Fri Jan 25 06:10:56 2008
I got it from Cosmo books - they distribute Universities Press titles. http://www.universitiespress.com/
Fri Jan 25 13:43:17 2008
Oh .. at Cosmo books - that is good. I got a copy from our library. Strange, it was last issued in 1997 .. and now, its the second time someone is borrowing it! .. and yes, its an interesting book. Very informative post, Sir. Thanks a lot.
Tue Jan 29 03:15:11 2008
There is this prof in our CS dept, Dr Brian Dean a MIT alumnus who takes this programming and problem solving seminar course. Its pretty interesting and incidentally last week he was speaking about parity. This is the nice question he had asked all of us to solve. Bessie and Clara (two cows, of course) are playing paintball in an M x N yard. Bessie starts at (bx, by) and Clara starts at (cx, cy) They take turns moving, with Bessie moving first.
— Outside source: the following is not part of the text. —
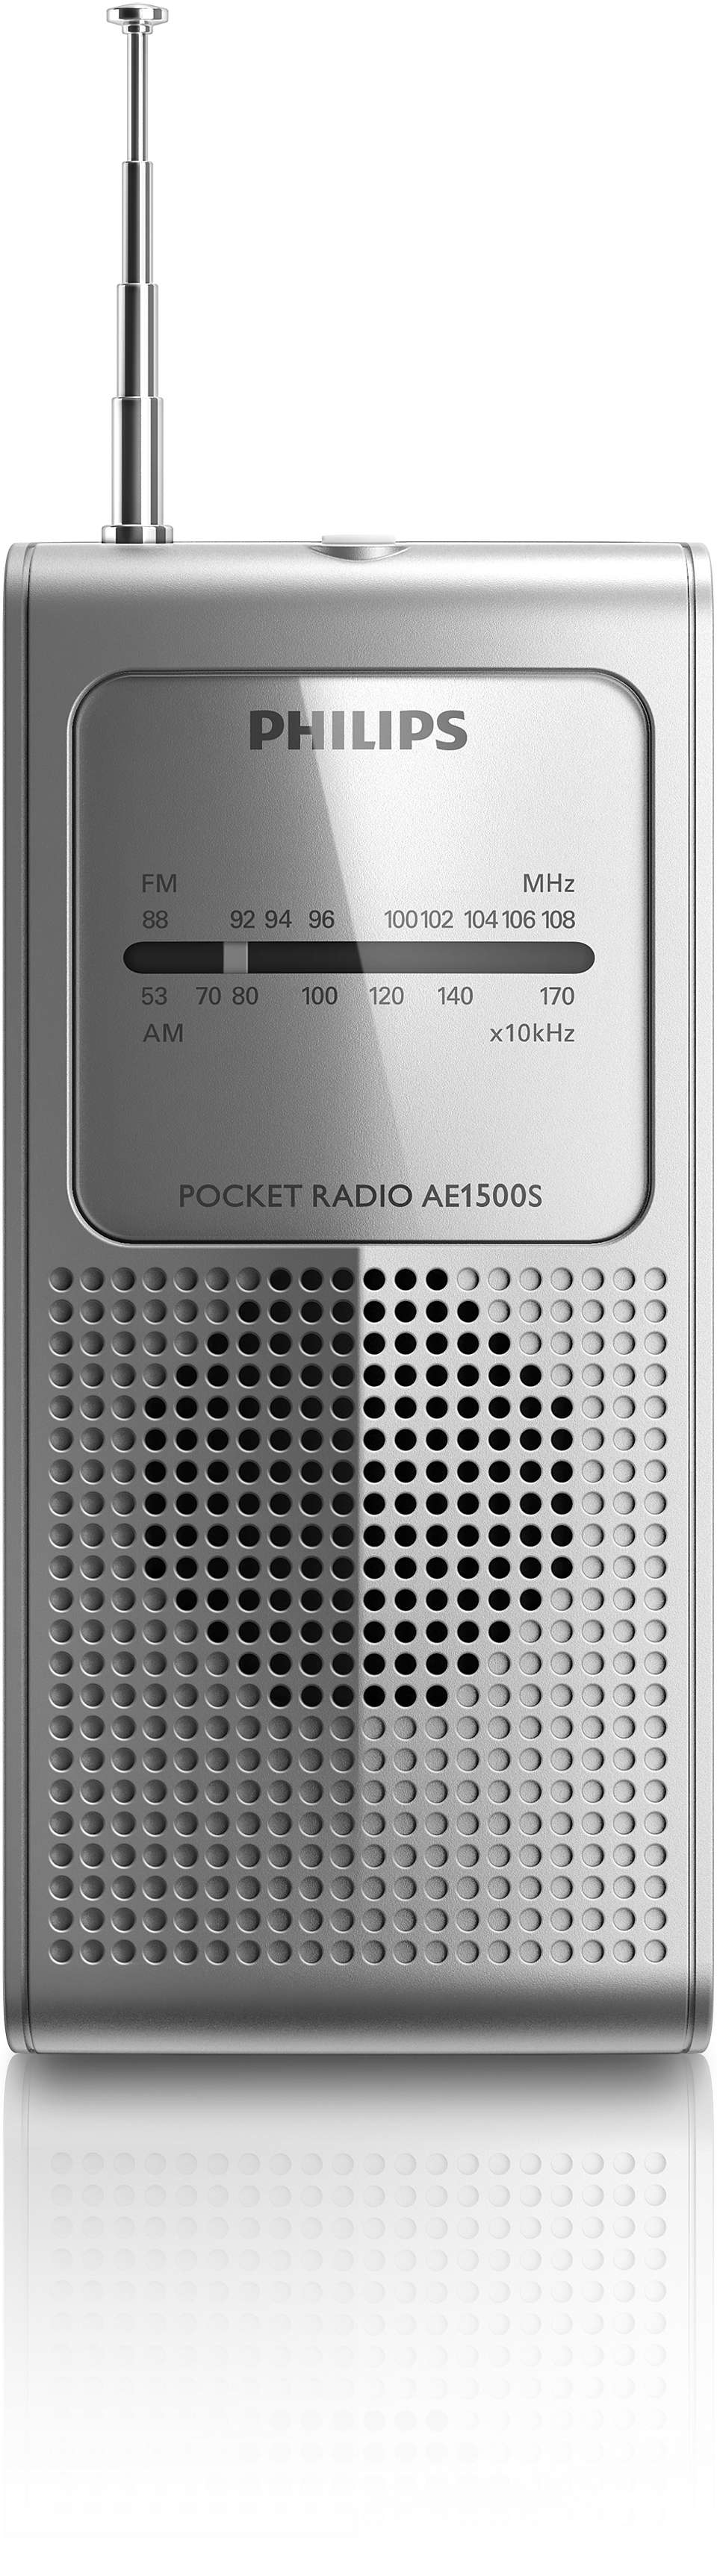 Radio de poche
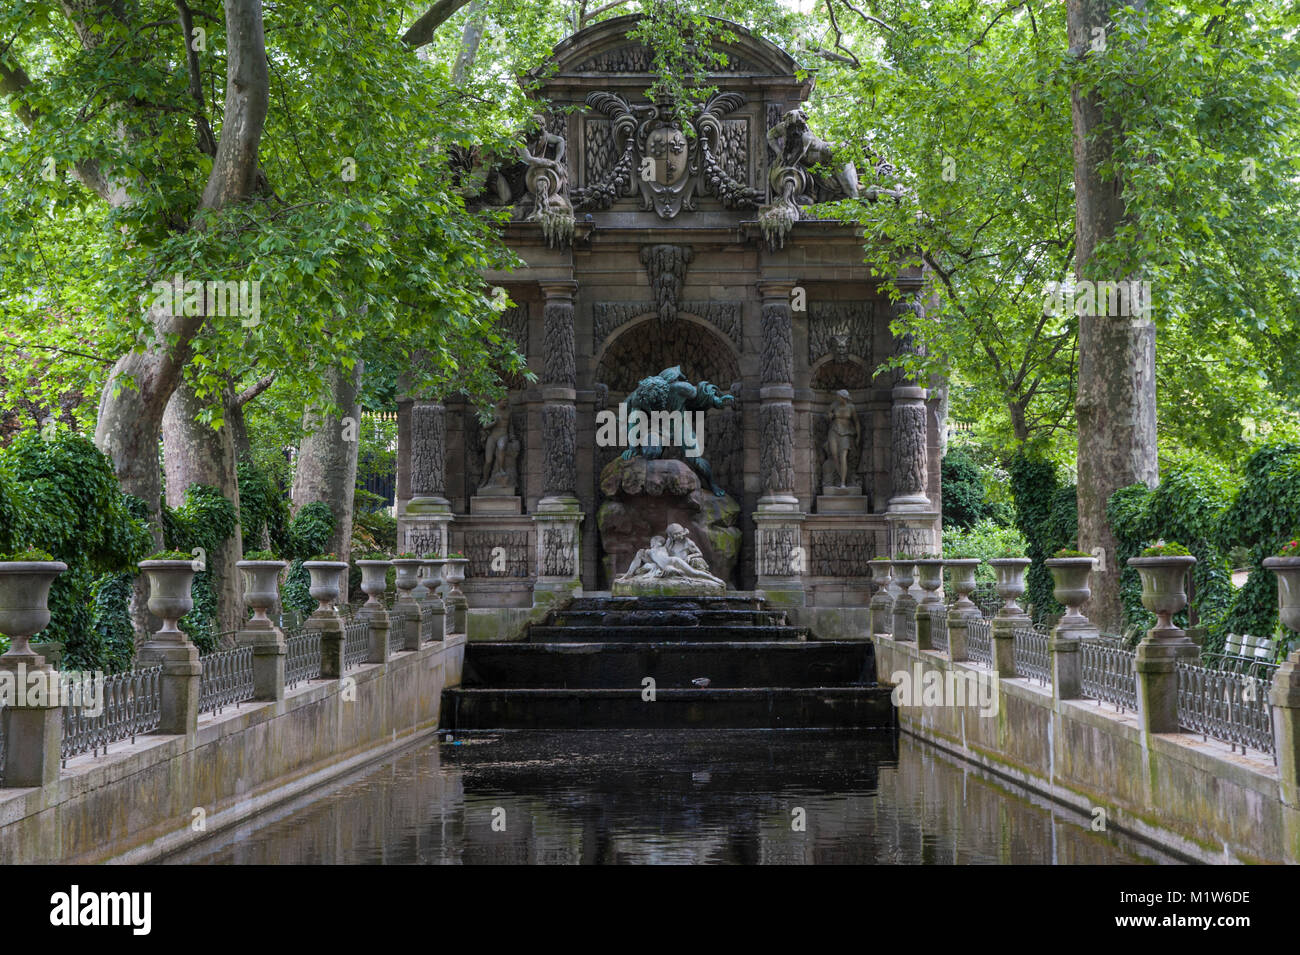 Fontaine de Medicis, fuente de los Médicis, en el jardín de Luxemburgo en París, Francia Foto de stock

Each move, a cow must travel one step in a single direction: up, left,down, or right. However, if this process carries the cow through the same x or y coordinate of the other cow, it loses (since the cows can only shoot along vertical or horizontal lines, (obviously). Cows can assume any integer-valued position in the yard from (0,0) up to (M, N). Given M and N (two integers ? 1000) and integers (cx, cy) as input, count the number of starting positions (bx, by) for Bessie (excluding those where bx=cx or by=cy) for which Bessie can guarantee that she will win the game. You can do it with programming or also one can more or less formulate an equation for any MxN field.
Tue Jan 29 03:39:15 2008
There is a short and sweet slides on parity, any one needs let me know.